As for package manager - stock apt from my ubuntu-based pop-os is just good enough :p
@mathias @FailForward
My laptop is on pop os with xmonad wm on top, works great. Although the pc is still on windows :(
@mathias @FailForward
I just wanted to try something very configurable and minimal. Yeah, it is very good out of the box, I agree.
@FailForward @mathias
That editing though: shitload -> load :D
On a serious note, I tend to use fullscreen stuff for the sake of focus. Sometimes it's splitscreen on windows, 50/50 between brave browser and whatever else, most of the time qt creator or matlab.
And in linux... Well, I tend to have 3-4 terminal apps in different workspaces, there is no real pattern there. Whatever works at the moment, that's the advantage of twm.

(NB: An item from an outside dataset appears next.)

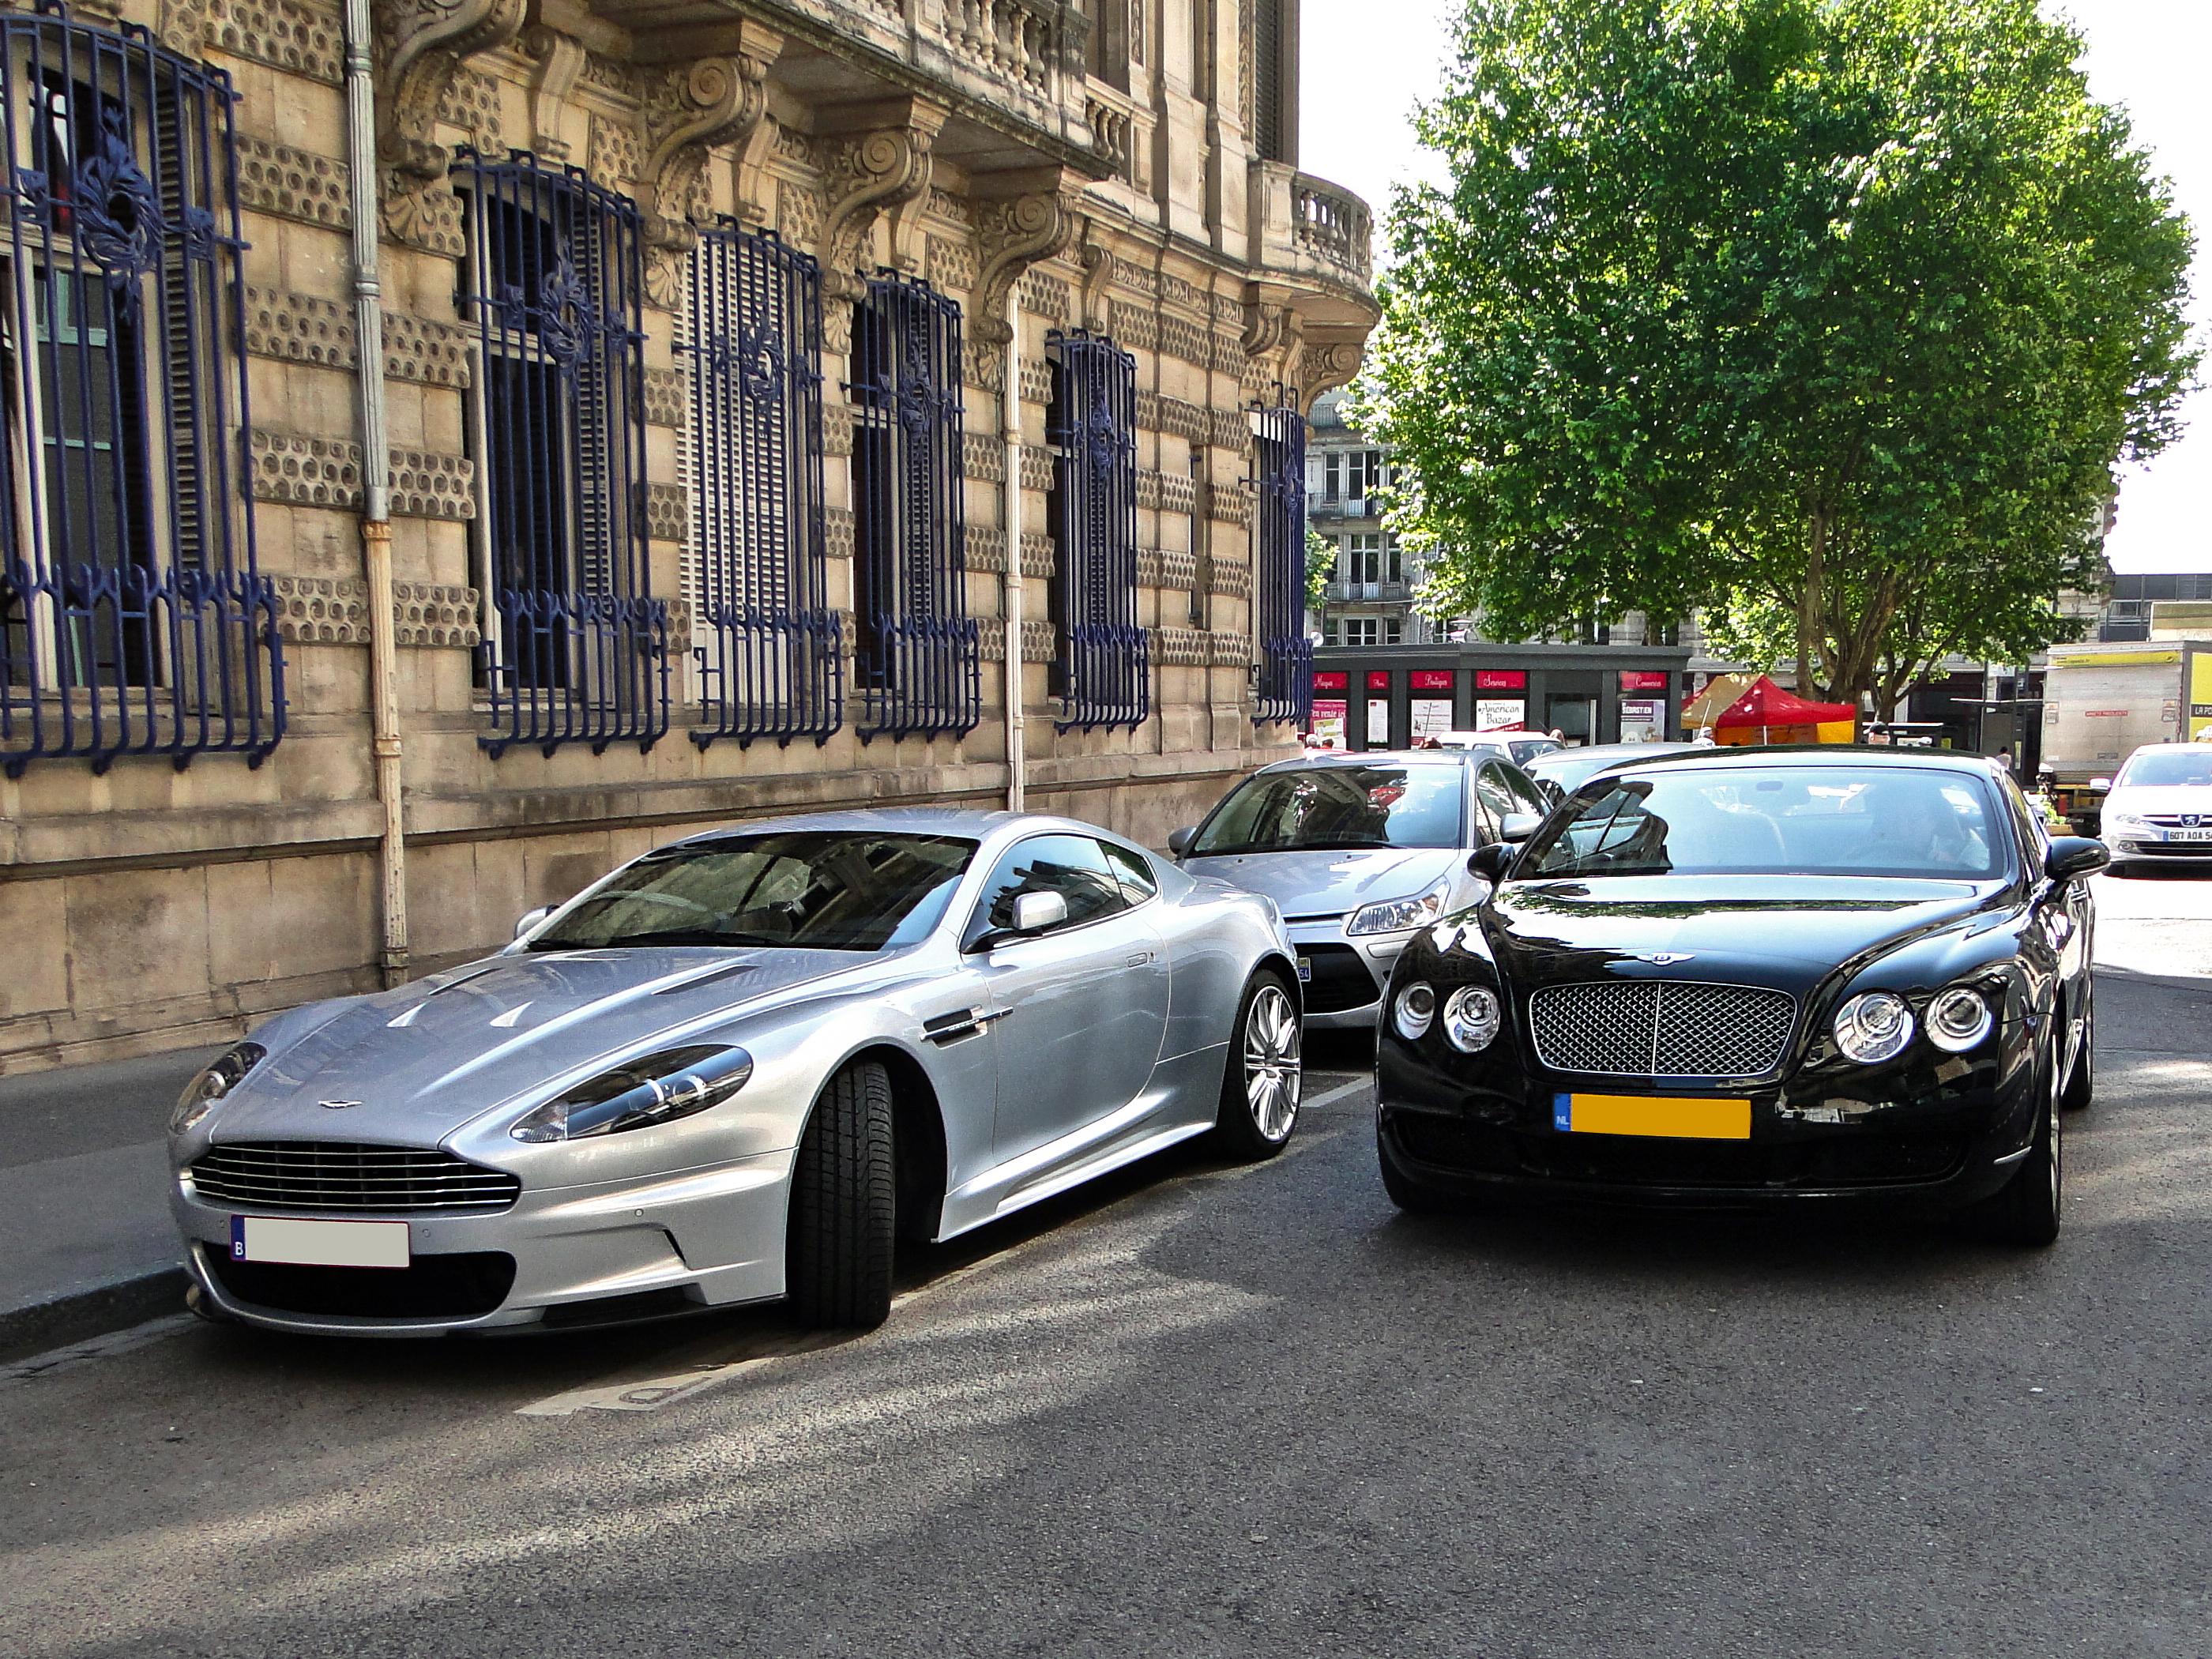 File Aston Martin Dbs Bentley Continental Gt Flickr Alexandre Prévot Jpg Wikimedia Commons

Why would you need Xmonad wm on top of Pop!_OS? I mean, if you are running the version I see on their current web site it looks like it already does the tiling and then some with incredible control. I love Xmonad, and that is what I’m installing on my Manjaro box this week, but I’m well impressed by that Pop!_OS video on their web site.
I too am stuck with various things and operating systems, for various reasons. That is actually another reason to why I’m doing ”my own thing” on the machines where I can, to kill some of the frustration with non-options on other machines. :)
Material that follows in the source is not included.